> **Your instructions**
If a line in the records below includes the word "Nike", count it, then give the total and nothing else.

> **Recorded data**
[Start of Attachment]

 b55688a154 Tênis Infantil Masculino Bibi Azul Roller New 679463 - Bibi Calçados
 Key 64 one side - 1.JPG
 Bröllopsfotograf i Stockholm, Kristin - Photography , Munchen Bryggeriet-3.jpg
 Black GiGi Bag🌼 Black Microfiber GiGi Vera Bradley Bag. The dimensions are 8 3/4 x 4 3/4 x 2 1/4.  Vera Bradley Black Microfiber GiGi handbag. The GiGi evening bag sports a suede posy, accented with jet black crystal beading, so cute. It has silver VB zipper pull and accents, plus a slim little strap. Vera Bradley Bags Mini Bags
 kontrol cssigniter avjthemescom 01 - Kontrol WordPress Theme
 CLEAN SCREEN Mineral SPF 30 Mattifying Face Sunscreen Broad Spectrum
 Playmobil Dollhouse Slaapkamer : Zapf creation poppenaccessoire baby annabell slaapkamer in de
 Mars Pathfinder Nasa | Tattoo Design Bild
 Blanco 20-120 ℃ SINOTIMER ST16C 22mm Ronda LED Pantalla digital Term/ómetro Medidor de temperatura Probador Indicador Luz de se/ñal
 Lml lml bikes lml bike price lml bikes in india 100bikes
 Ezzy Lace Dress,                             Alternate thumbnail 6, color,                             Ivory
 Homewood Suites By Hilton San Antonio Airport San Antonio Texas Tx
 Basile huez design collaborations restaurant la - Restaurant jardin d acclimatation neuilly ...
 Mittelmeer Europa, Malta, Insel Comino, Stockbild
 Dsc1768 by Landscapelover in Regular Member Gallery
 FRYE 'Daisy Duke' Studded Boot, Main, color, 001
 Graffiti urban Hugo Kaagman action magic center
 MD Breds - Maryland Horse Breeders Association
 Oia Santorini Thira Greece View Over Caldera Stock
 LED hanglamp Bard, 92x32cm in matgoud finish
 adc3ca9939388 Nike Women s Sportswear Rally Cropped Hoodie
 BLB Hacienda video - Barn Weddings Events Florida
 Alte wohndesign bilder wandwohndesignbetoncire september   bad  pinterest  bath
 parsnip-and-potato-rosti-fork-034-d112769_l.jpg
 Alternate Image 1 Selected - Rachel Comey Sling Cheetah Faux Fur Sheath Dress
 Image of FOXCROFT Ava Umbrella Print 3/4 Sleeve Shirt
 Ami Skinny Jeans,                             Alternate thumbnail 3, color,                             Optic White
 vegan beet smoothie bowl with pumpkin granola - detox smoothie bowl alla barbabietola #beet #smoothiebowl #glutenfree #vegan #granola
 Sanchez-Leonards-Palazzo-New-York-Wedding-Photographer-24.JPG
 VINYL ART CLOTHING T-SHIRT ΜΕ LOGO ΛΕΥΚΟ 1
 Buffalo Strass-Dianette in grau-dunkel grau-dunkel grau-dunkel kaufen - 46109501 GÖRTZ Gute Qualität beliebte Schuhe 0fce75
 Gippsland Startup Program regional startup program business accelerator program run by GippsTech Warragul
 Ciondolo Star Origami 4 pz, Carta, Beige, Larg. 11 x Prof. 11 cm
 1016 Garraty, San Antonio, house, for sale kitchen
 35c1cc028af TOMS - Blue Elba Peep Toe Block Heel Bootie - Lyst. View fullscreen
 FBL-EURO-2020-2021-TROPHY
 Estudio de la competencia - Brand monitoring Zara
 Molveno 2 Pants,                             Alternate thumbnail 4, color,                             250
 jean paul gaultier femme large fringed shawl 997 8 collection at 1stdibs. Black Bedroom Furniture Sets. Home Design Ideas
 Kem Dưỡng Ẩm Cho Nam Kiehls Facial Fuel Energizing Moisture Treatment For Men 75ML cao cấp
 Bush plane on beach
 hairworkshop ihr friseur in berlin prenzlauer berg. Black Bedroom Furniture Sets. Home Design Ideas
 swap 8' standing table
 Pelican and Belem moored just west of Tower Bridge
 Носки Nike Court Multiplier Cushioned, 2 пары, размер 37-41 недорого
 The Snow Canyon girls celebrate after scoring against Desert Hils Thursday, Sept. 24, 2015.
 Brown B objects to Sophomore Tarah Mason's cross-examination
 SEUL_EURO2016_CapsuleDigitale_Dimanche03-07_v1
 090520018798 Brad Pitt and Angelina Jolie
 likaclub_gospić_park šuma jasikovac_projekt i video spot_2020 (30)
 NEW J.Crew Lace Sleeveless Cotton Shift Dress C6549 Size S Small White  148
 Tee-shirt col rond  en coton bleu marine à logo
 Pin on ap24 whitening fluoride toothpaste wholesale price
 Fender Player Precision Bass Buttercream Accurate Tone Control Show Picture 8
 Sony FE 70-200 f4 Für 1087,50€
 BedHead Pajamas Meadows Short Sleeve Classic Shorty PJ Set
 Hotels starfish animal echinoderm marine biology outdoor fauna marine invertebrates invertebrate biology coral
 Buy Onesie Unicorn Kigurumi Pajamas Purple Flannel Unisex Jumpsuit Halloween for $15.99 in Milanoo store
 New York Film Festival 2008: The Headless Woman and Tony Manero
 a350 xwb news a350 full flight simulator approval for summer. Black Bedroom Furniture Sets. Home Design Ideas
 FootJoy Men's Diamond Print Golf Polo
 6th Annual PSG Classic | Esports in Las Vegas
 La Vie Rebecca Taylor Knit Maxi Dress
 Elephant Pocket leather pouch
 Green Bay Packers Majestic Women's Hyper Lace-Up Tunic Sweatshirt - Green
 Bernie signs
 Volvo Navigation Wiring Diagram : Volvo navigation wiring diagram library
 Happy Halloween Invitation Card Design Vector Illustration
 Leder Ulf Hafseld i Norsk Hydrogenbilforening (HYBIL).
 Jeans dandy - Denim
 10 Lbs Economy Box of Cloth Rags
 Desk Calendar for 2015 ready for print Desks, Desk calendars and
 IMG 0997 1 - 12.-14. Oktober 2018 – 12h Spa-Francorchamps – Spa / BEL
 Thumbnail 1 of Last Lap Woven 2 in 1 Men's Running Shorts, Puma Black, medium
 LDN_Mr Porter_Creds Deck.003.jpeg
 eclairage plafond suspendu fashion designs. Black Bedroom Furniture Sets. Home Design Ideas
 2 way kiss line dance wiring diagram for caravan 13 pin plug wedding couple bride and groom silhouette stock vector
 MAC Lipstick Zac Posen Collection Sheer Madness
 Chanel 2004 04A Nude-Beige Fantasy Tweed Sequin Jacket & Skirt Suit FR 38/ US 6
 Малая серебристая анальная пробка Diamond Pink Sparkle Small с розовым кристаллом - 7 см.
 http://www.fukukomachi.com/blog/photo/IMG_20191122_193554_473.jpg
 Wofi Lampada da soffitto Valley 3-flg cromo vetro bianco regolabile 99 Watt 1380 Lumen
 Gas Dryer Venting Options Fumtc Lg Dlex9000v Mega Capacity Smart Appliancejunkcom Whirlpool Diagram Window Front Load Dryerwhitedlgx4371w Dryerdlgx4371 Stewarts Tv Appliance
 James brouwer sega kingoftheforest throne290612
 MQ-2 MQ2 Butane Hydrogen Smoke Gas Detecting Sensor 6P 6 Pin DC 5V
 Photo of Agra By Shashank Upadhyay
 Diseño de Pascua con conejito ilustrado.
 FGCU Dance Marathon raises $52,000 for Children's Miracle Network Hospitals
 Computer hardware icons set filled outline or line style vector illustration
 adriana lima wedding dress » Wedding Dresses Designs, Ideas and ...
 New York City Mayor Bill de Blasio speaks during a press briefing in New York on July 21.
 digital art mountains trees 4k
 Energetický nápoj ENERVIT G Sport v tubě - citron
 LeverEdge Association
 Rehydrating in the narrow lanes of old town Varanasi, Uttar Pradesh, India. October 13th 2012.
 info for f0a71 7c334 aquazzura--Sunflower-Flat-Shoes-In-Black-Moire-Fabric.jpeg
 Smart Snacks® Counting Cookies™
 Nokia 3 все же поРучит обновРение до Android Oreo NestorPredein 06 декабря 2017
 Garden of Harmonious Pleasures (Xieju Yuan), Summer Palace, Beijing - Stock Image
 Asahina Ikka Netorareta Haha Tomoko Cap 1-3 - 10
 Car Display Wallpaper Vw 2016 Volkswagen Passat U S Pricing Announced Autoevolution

[End of Attachment]

> **Result below**
2